I've found this site useful in the past

http://www.inmuebles24.com/departamentos-en-renta-busquedaext-condesa.html

Good luck finding something. Condesa is quite expensive and Roma Norte is also a good place to live and a bit cheaper.


----------



## Isla Verde (Oct 19, 2011)

It may be difficult to find a place to rent for less than a year, and most landlords ask for a_ fiador_ before letting you rent. I'm not writing this to discourage you, but just to let you know.


----------



## TundraGreen (Jul 15, 2010)

Isla Verde said:


> It may be difficult to find a place to rent for less than a year, and most landlords ask for a_ fiador_ before letting you rent. I'm not writing this to discourage you, but just to let you know.

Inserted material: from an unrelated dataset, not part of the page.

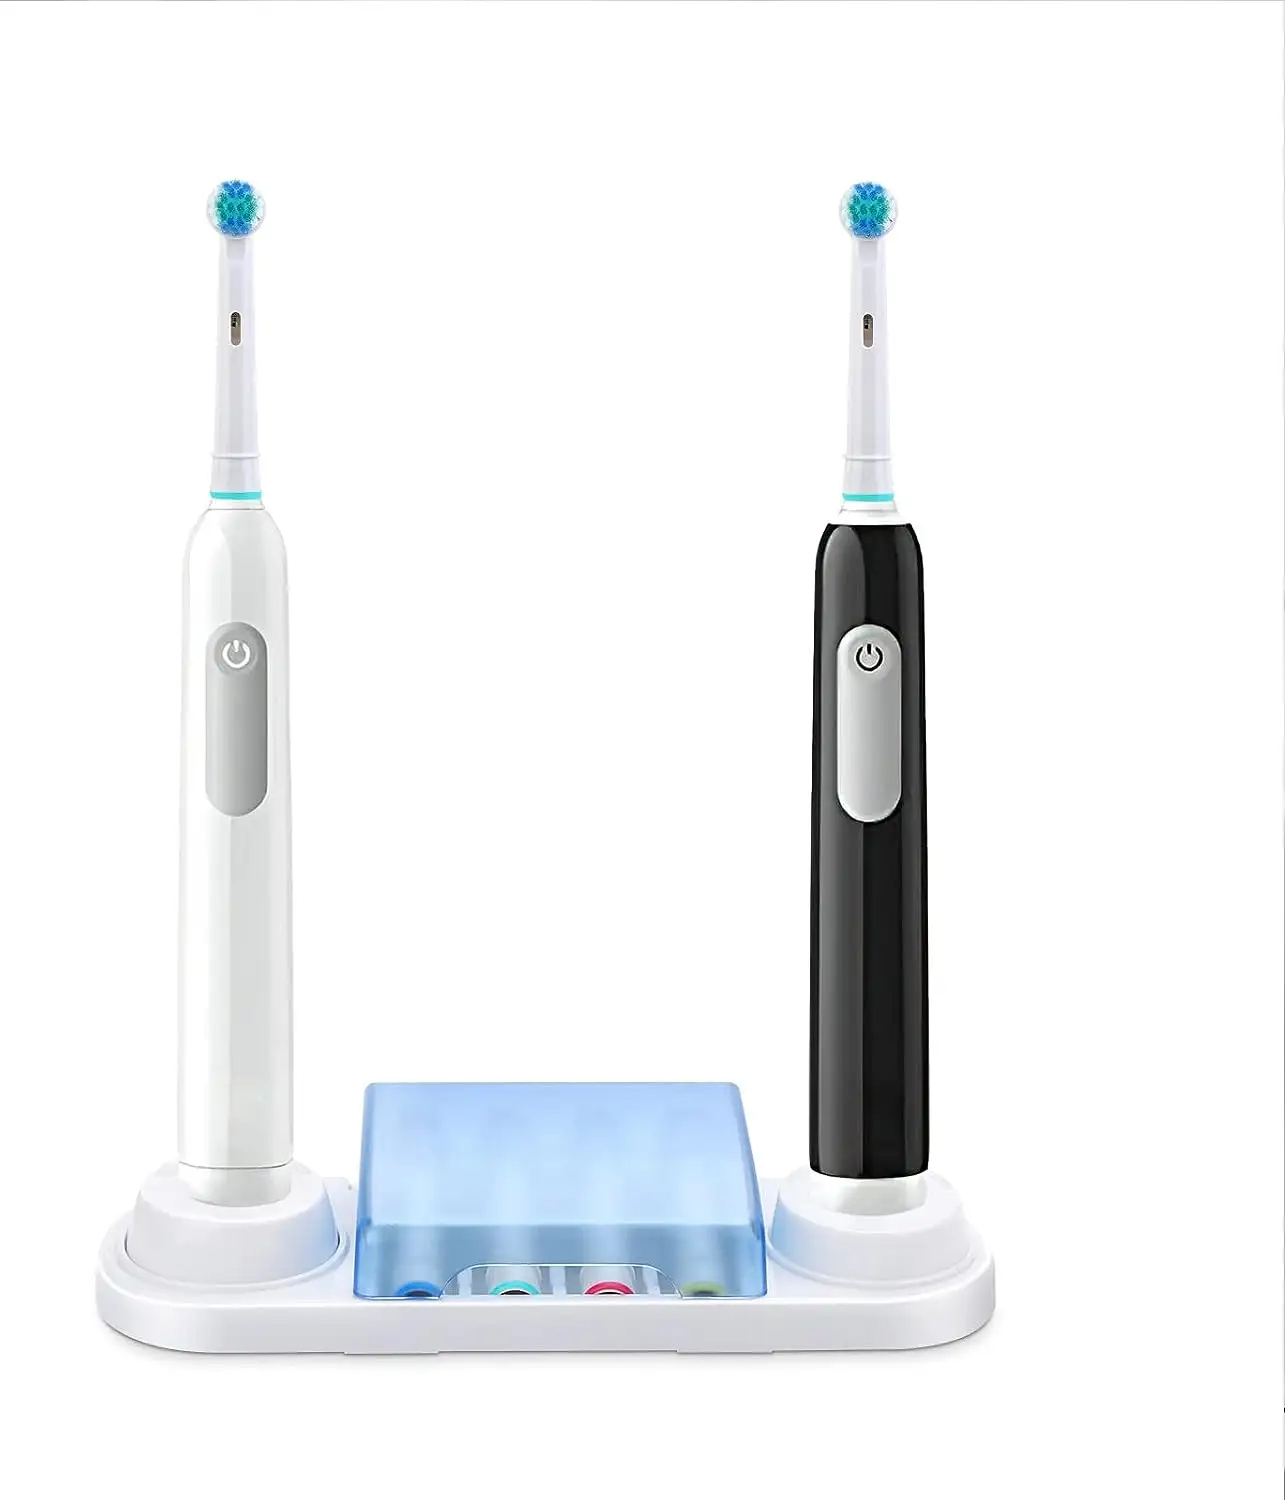 Soporte para cepillos de dientes eléctricos EBH01, soporte para cepillos de dientes eléctricos, cubierta para cabezales

A _fiador_ is a co-signer on the rental/lease agreement, generally someone who owns property in the area, and agrees to be responsible for the rent.


----------



## Longford (May 25, 2012)

It's highly unlikely a landlord will rent to you for such a short period of time. Rentals in the D.F. are typically for a one-year period. and almost always require a co-signer who owns property in the city. My suggestion is that you check Craigslist for Mexico City to see what short-term/sublet rentals there may be and also look for apartment share situations. Best of luck!


----------



## Isla Verde (Oct 19, 2011)

JoanneR2 said:


> I've found this site useful in the past
> 
> Departamentos en renta en Mexico que contenga "condesa" en Inmuebles24
> 
> Good luck finding something. Condesa is quite expensive and Roma Norte is also a good place to live and a bit cheaper.

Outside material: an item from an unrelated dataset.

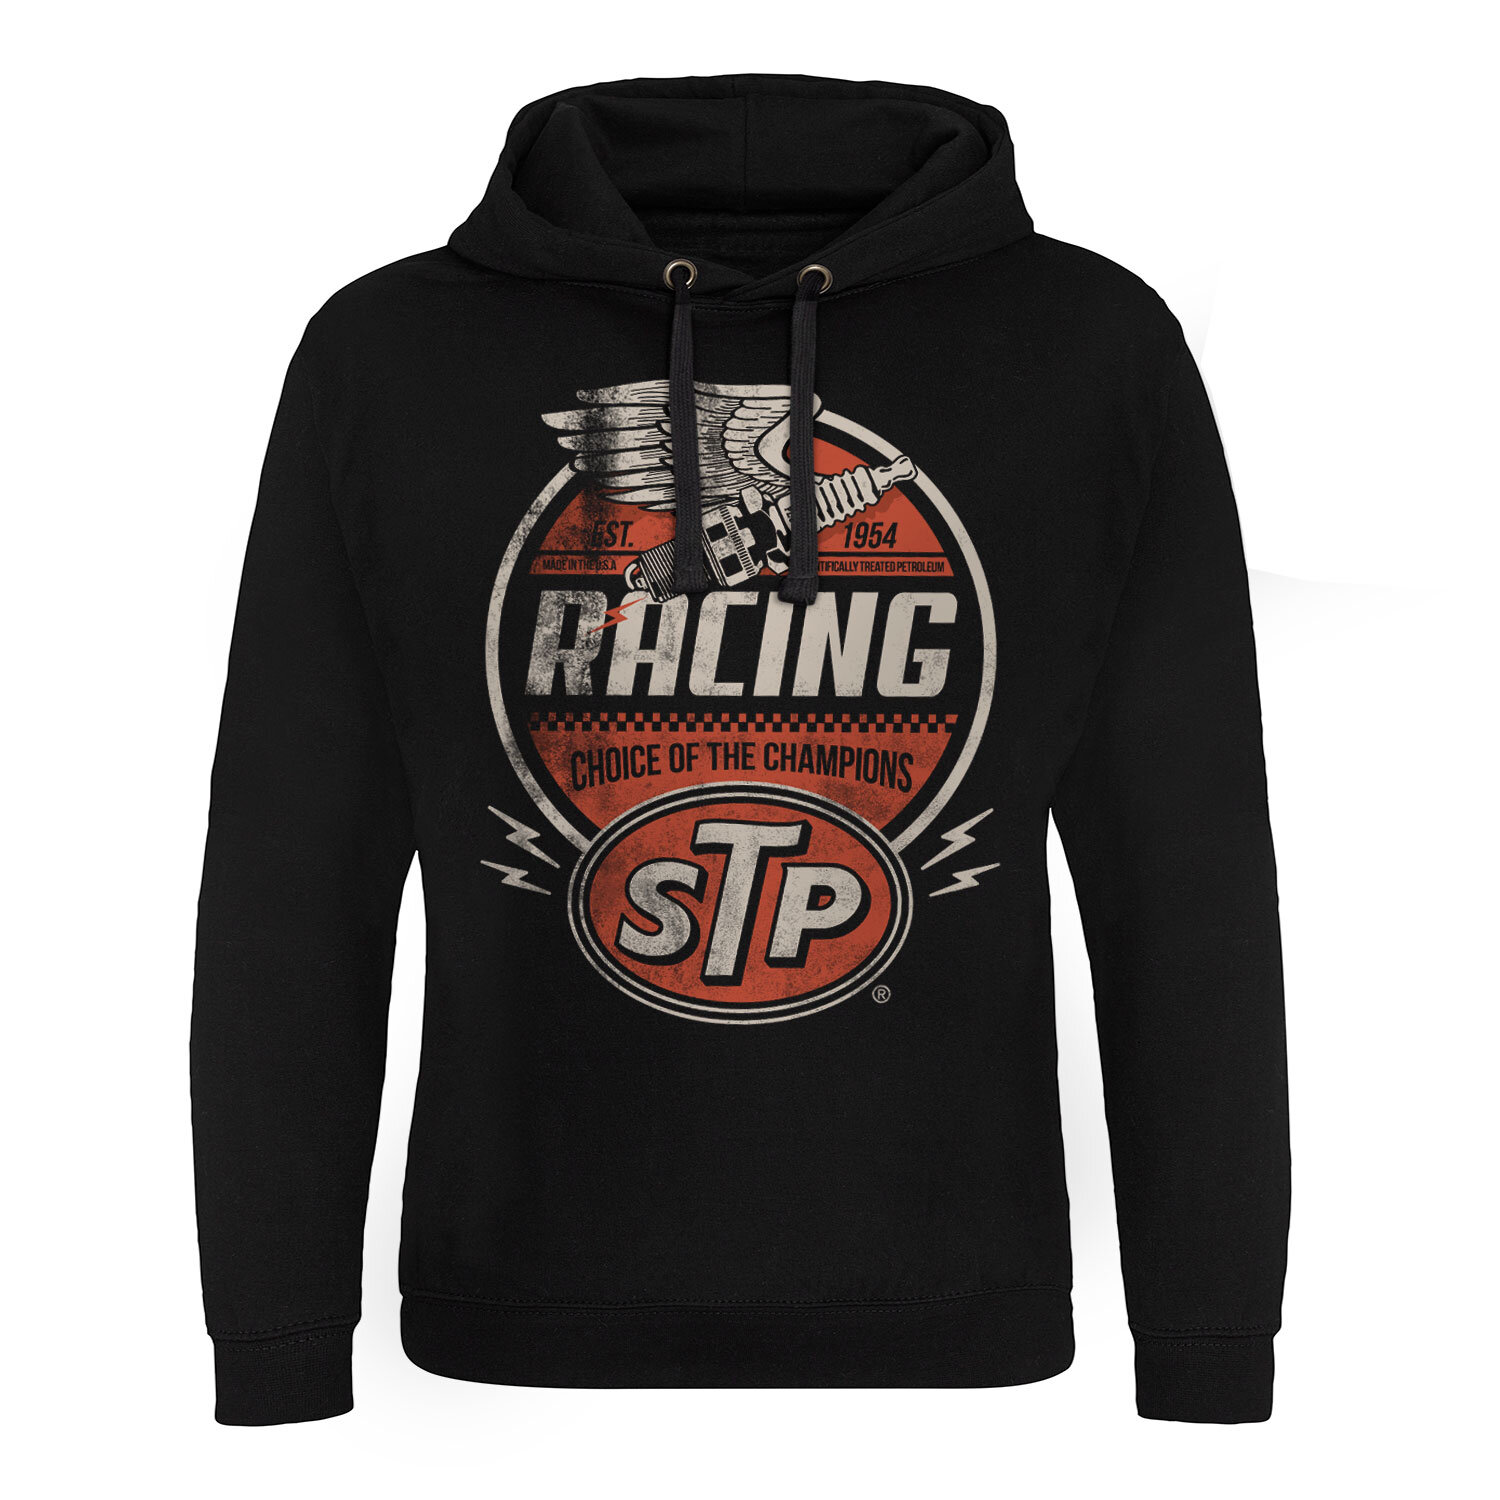 STP Vintage Racing Epic Hoodie

Polanco is a very exclusive area, even more expensive than Condesa. Roma Norte might be a better option than either of them.


----------



## katecia (Feb 3, 2014)

Hi there - thanks for the responses. I am aware of the co-signer etc. so no worries there. If you have any other suggestions for websites that handle rentals, that would be great. 

Thanks!


----------



## Isla Verde (Oct 19, 2011)

katecia said:


> Hi there - thanks for the responses. I am aware of the co-signer etc. so no worries there. If you have any other suggestions for websites that handle rentals, that would be great.
> 
> Thanks!


Try these:

Departamento En Renta Distrito Federal

https://www.segundamano.mx/distrito...s+amueblados&cg=1040&w=1&ps=&pe=&ros=&roe=&ss

Bienes Raíces - Inmuebles Cuauhtémoc | Vivanuncios

Good luck!


----------



## conorkilleen (Apr 28, 2010)

Longford said:


> . My suggestion is that you check Craigslist for Mexico City to see what short-term/sublet rentals there may be and also look for apartment share situations. Best of luck!

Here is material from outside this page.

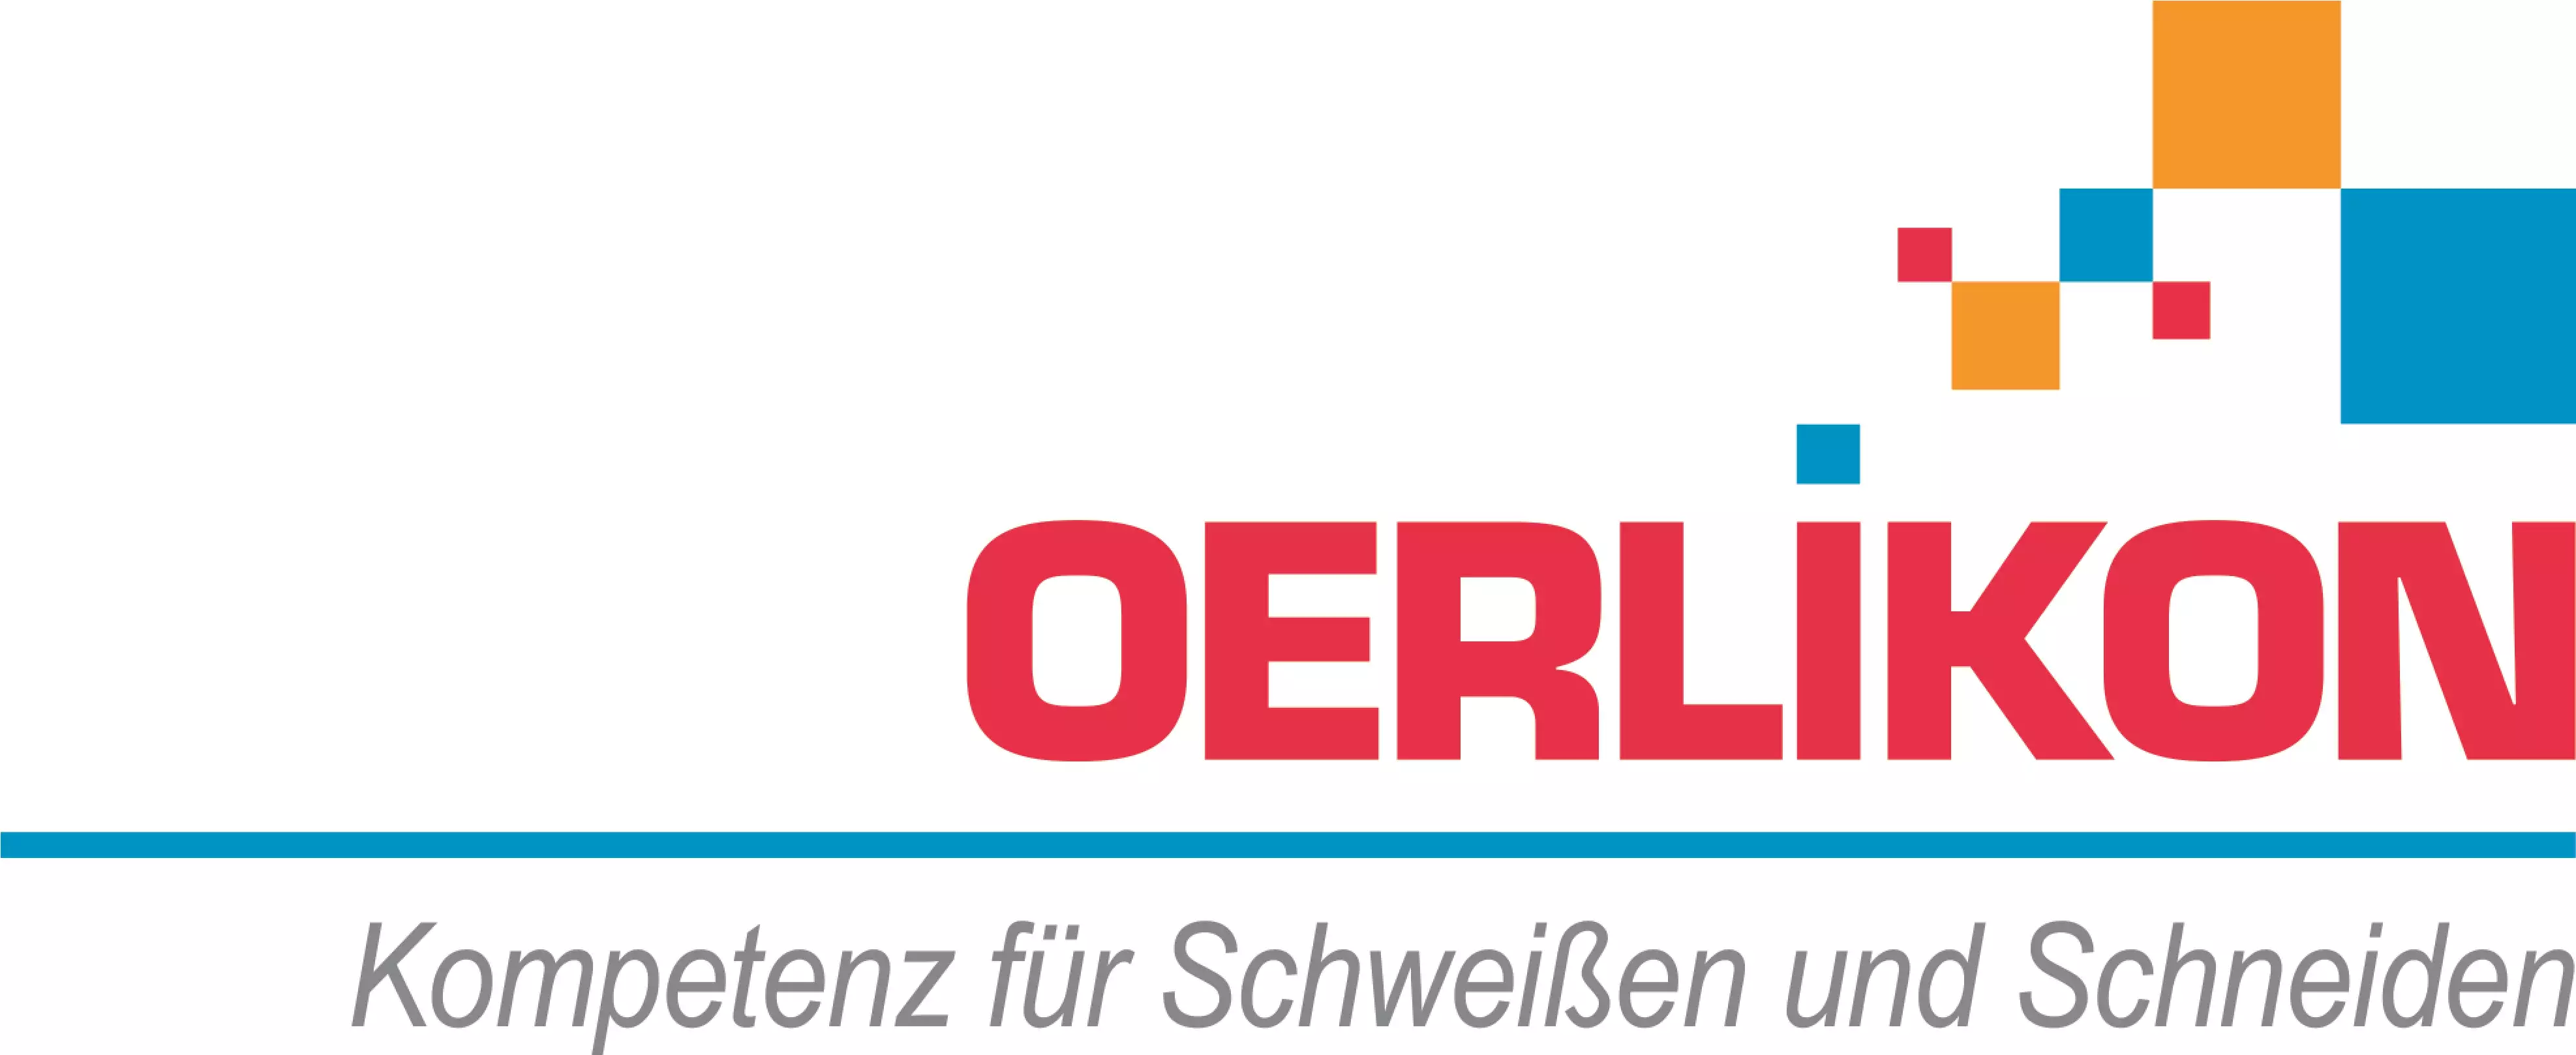 Logo de la marque Oerlikon

Be very very careful with Craigslist in Mexico City. I had an employee of mine almost walk into a scam, twice, looking for apartments in DF....it just so happens they looked in the same location you are.

I would check out Hostels or even Couch Crashers websites.

Be very careful with Craigslist.


----------



## TundraGreen (Jul 15, 2010)

conorkilleen said:


> Be very very careful with Craigslist in Mexico City. I had an employee of mine almost walk into a scam, twice, looking for apartments in DF....it just so happens they looked in the same location you are.
> 
> I would check out Hostels or even Couch Crashers websites.
> 
> Be very careful with Craigslist.


I agree. In addition, the legitimate listings on CraigsList wil be pricey. They are aimed at foreigners and assume the buyer won't know the market.


----------



## Longford (May 25, 2012)

> In addition, the legitimate listings on CraigsList wil be pricey. They are aimed at foreigners and assume the buyer won't know the market.


That's not been my observation. Craigslist is quite often the best source of information for such short-term rentals.


----------



## Isla Verde (Oct 19, 2011)

Longford said:


> That's not been my observation. Craigslist is quite often the best source of information for such short-term rentals.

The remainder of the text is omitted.